Chapter Ten #2
“Any Halcin enclaves near here would be suspect.” Shadach looked out at the woods beyond the cave, seeming to scrutinise their location.
He had said last night that he’d know come daylight where they were.
Aoife hoped that had been true. “I think we’re on the outer Eastern lands just outside the Emperor’s City.
That looks like Foresight Ridge.” Shadach pointed to a hilltop in the distance laced in green.
“There is a Halcin enclave just beyond there, but that’s the first place Aristen will look. ”
They were between a rock and a hard place. Wonderful. “Right … how do we get out of this?”
Shadach was silent, his expression sombre. “I’m not sure.” Then, with a little more hope, he said, “Yet. I’m not sure yet.”
Aoife nodded, trying to mirror his hope back to him. Hope she did not feel. Was this what the Gates intended? For her to be on the run the rest of her life?
~*~
Aristen wasn’t going to feel safe until Aoife was dead.

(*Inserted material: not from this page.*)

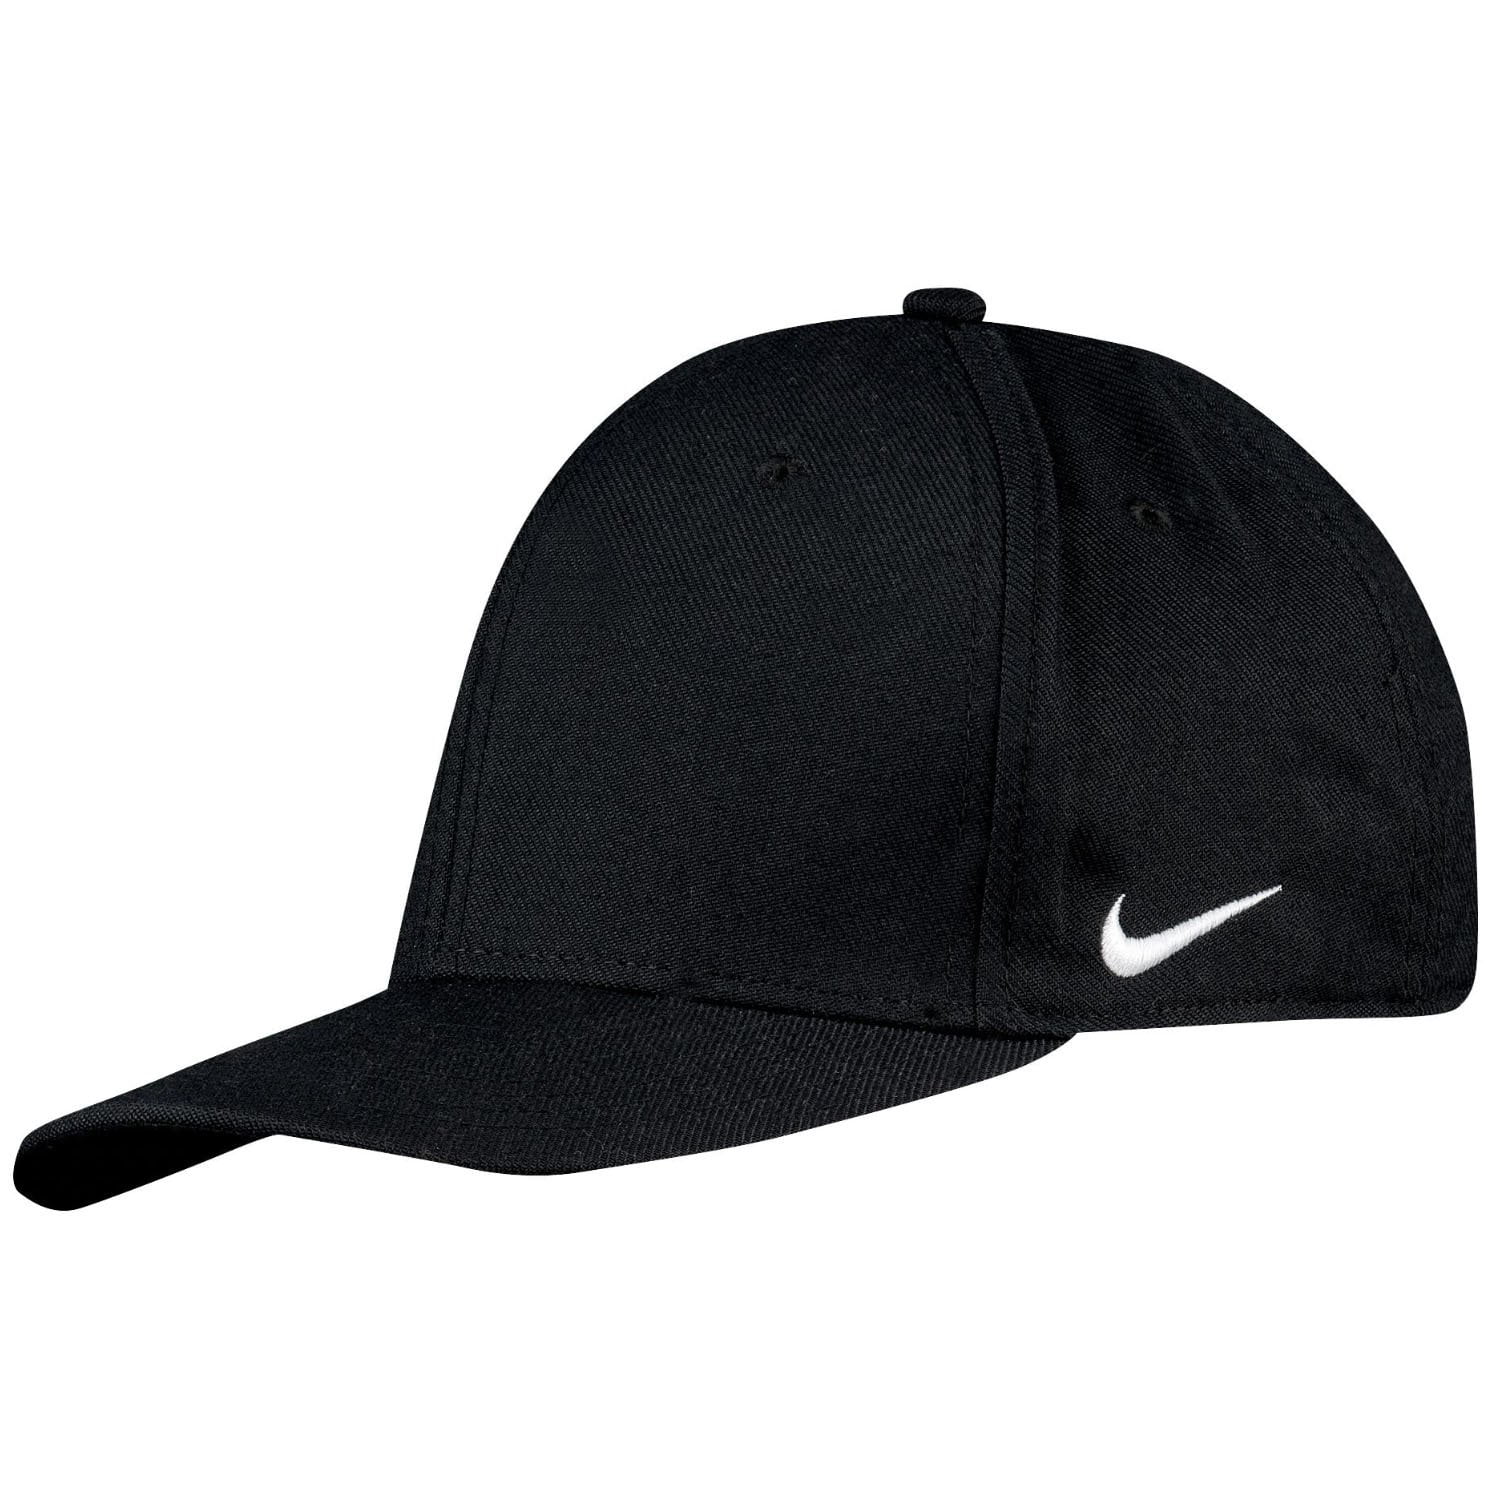 Nike Team Dri-Fit Swoosh Flex Cap 867308-010 (L/XL) - Walmart.com

Or she was gone in such a way that she was as good as dead. Shadach may not have known how to fix their situation yet, but Aoife did. She could think of one way to forever disappear and not be dead: go back through the Gates.
Go home.
That made the most sense, didn’t it? Mum would be disappointed in her for giving up on an experiment halfway through, but it wasn’t as if she was going to tell her family about this little bit of world jumping.
They’d think she was completely mad.
Unless, of course, she summoned the Gates again and proved herself sane.
That kind of scientific discovery would be one way to shut up her condescending little brother once and for all: “Oh, you discovered a new theorem? That’s cute.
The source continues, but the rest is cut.